* [Data provided]:
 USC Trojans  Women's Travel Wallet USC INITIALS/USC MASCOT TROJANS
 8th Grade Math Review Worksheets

==

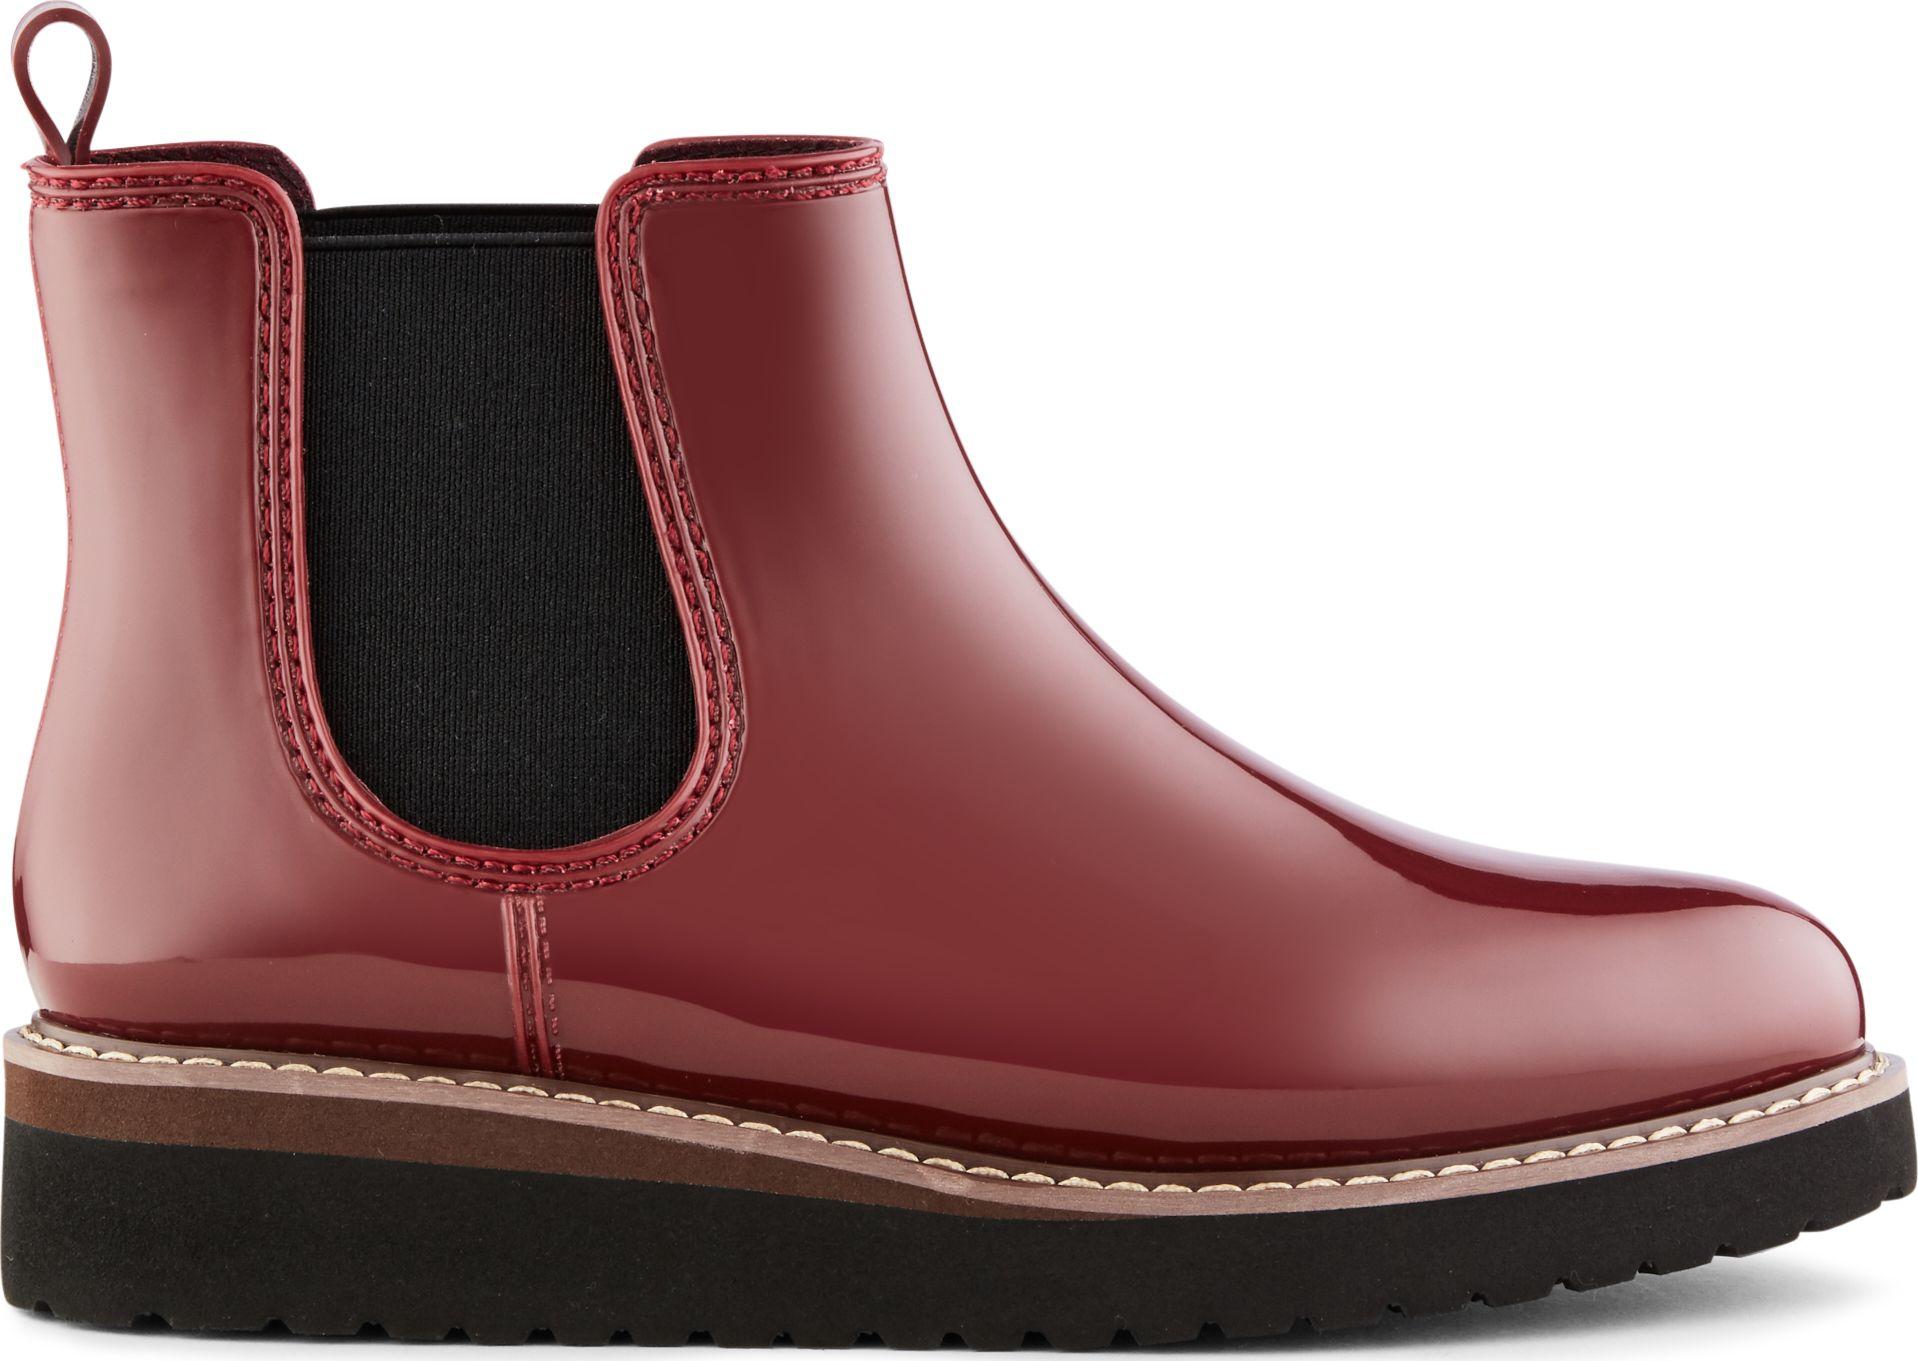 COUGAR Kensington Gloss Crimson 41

---

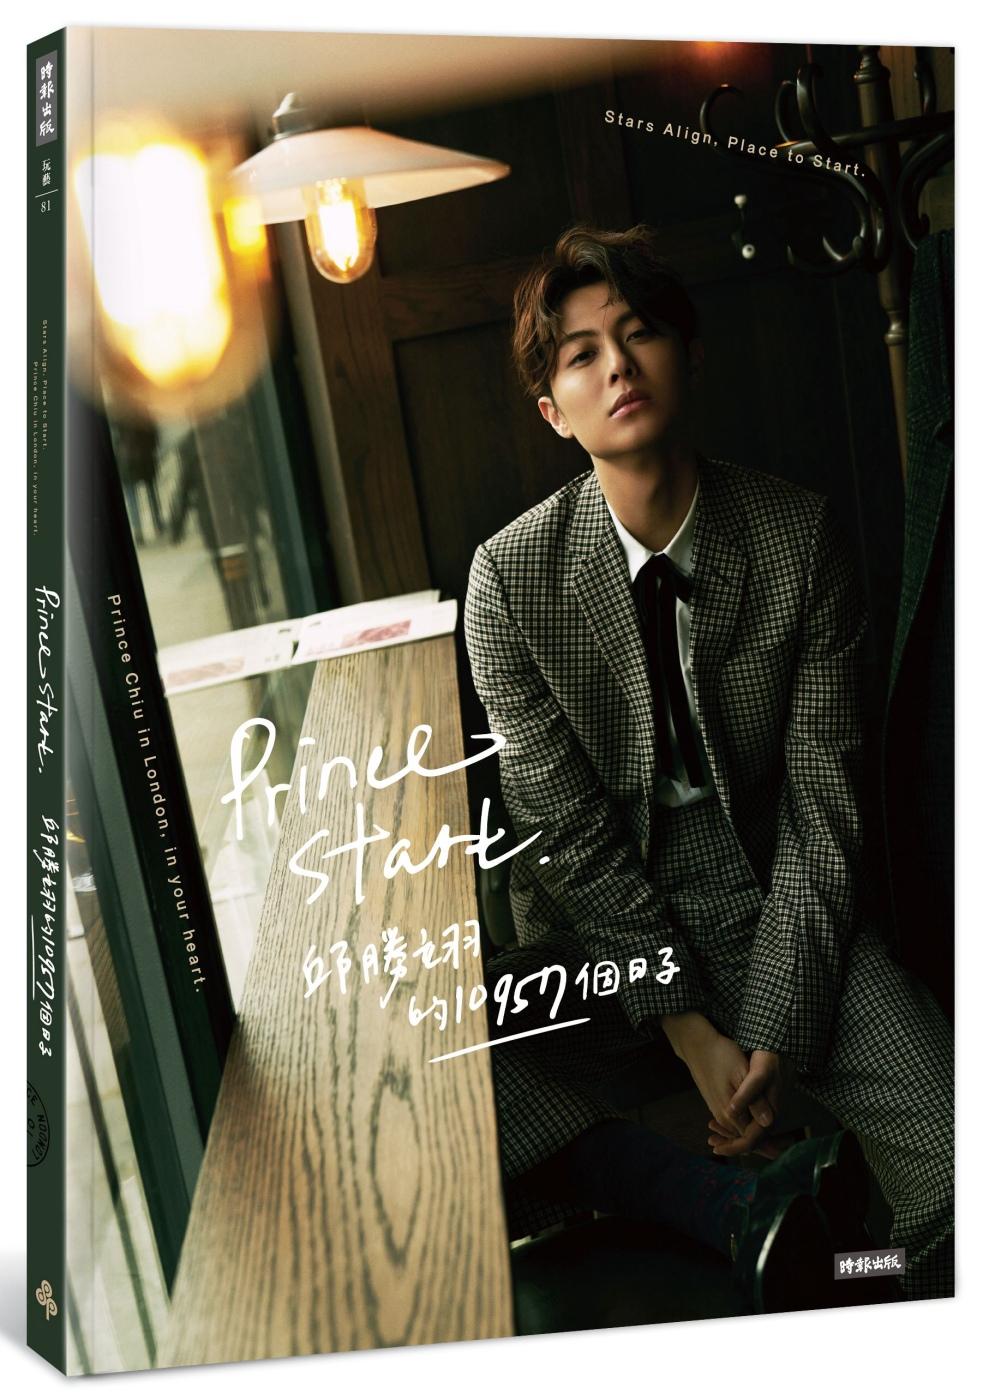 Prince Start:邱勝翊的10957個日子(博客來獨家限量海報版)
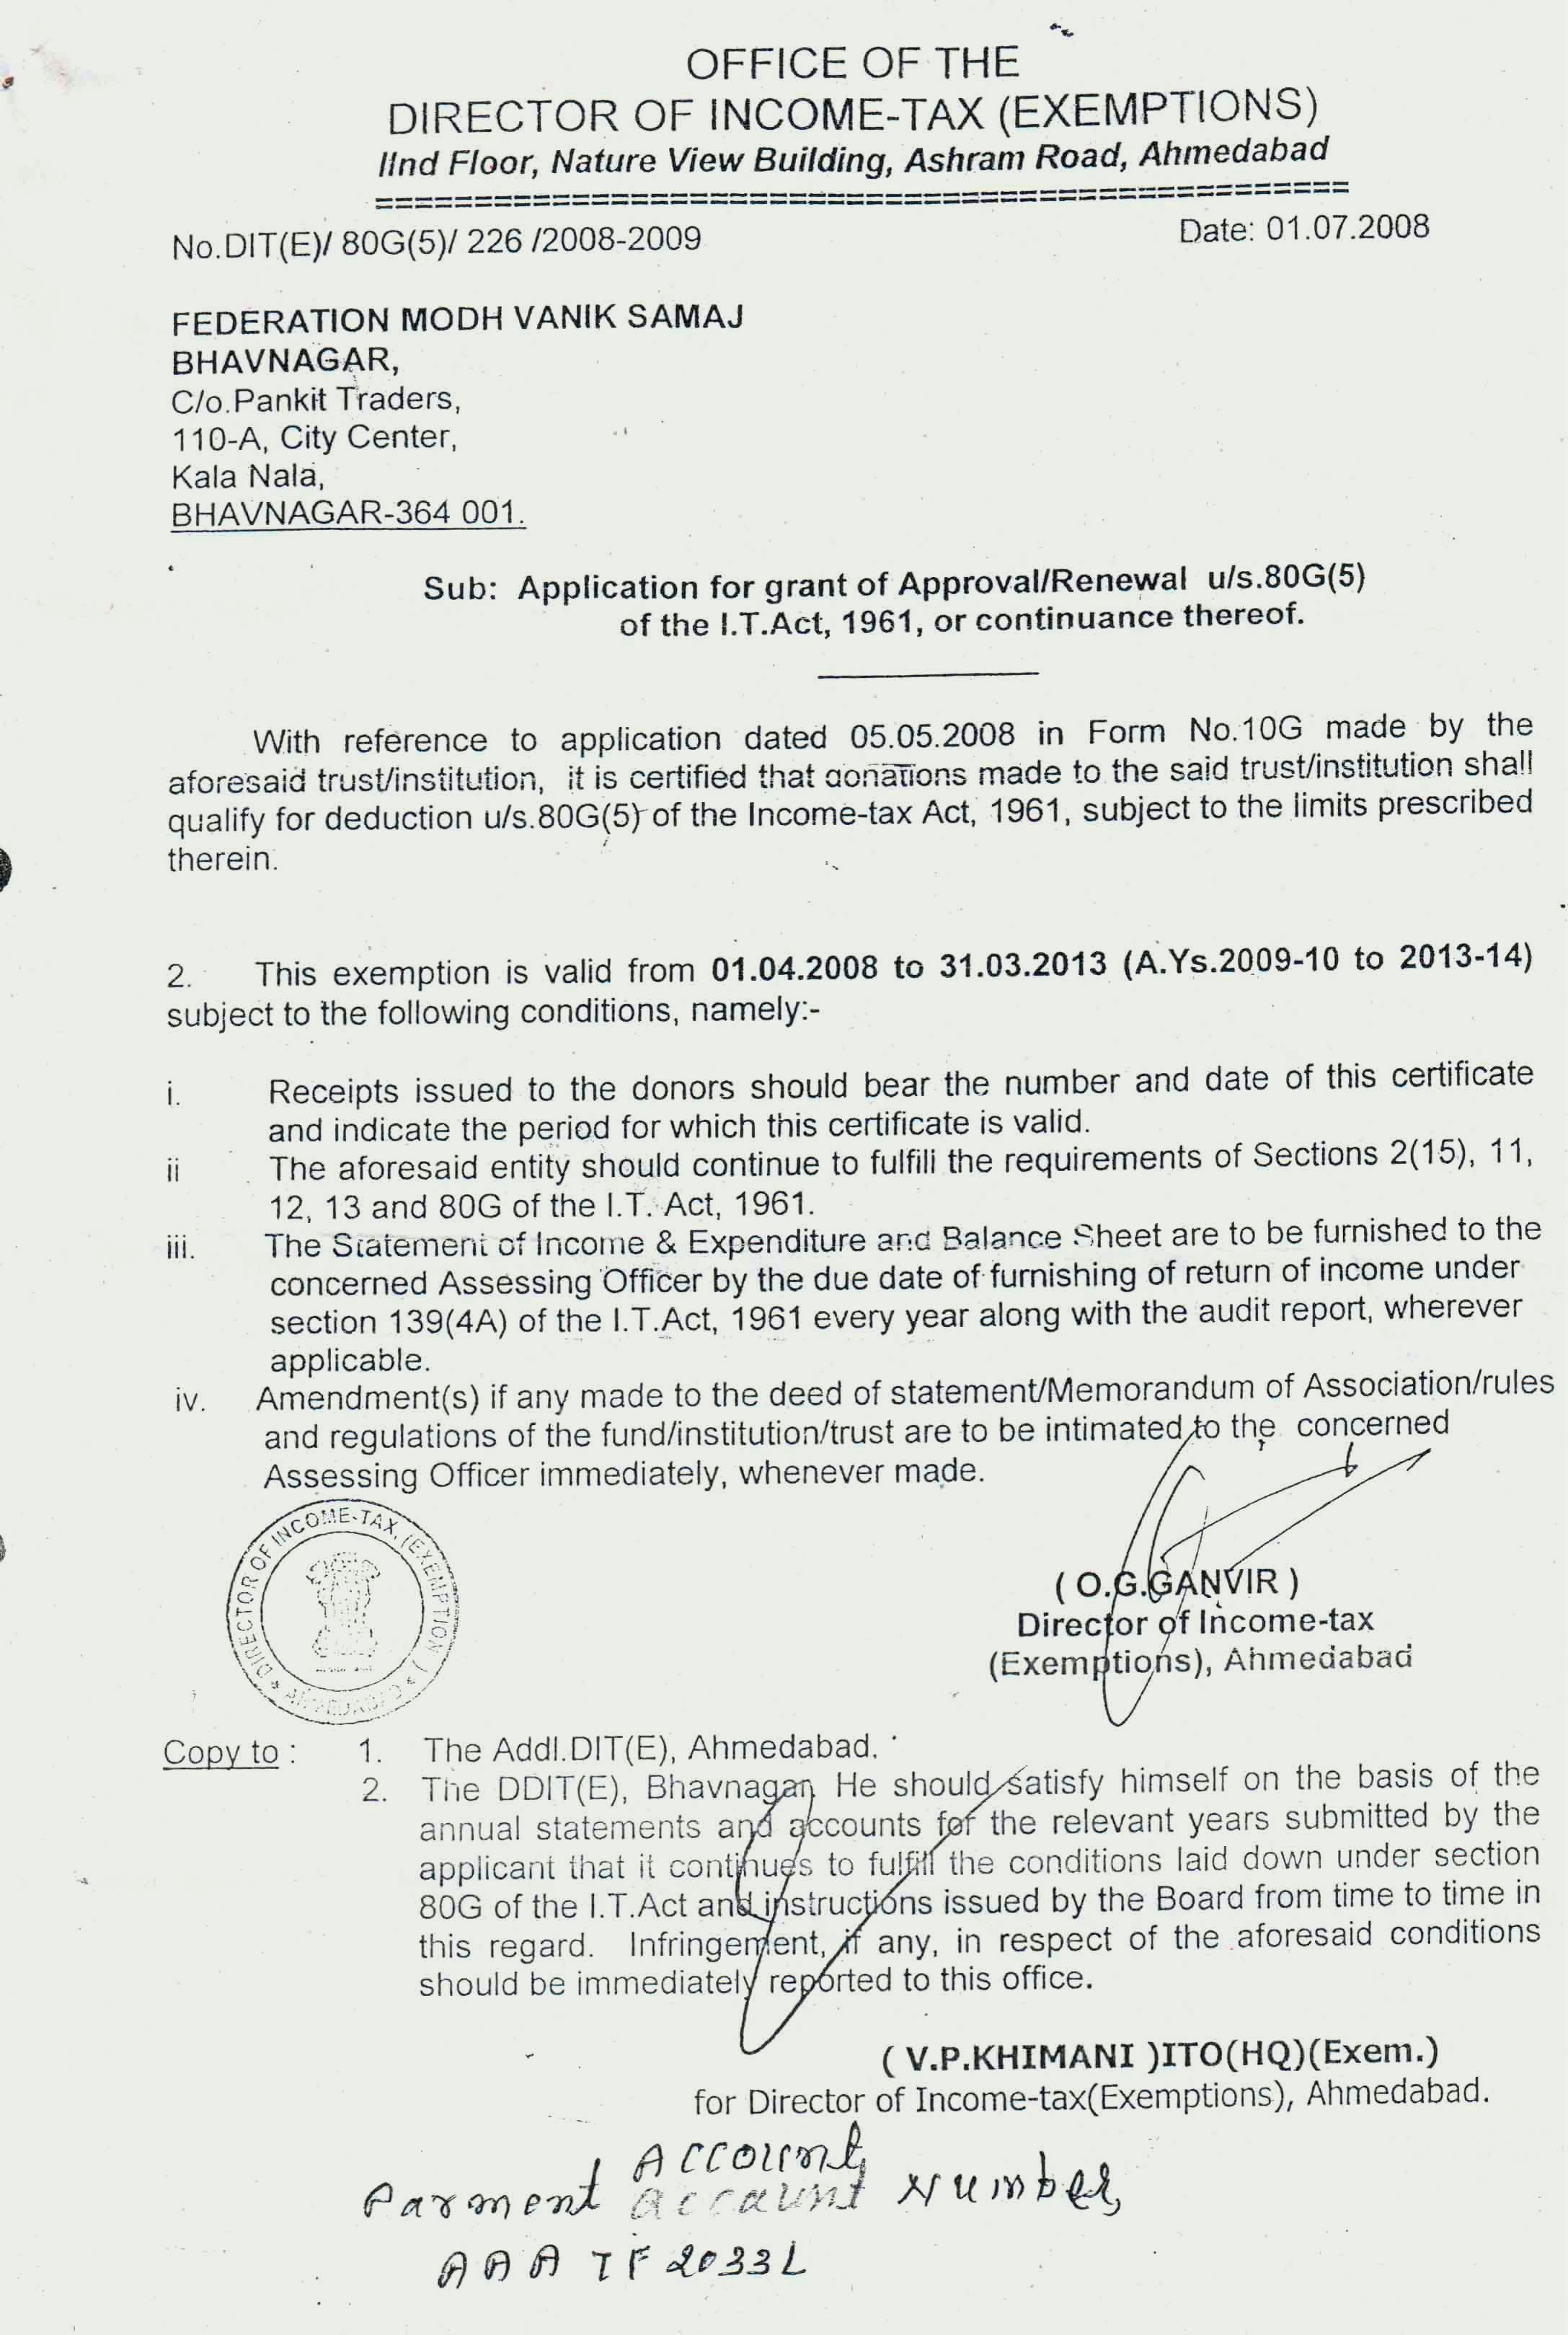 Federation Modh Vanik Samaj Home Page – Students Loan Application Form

* [What is needed]: Reproduce verbatim only the segment of the listing bounded by the line containing "INITIALS/USC MASCOT TROJANS" and the line containing "8th Grade Math Review Worksheets", with both boundary lines included.

* [Your response]:
 USC Trojans  Women's Travel Wallet USC INITIALS/USC MASCOT TROJANS
 8th Grade Math Review Worksheets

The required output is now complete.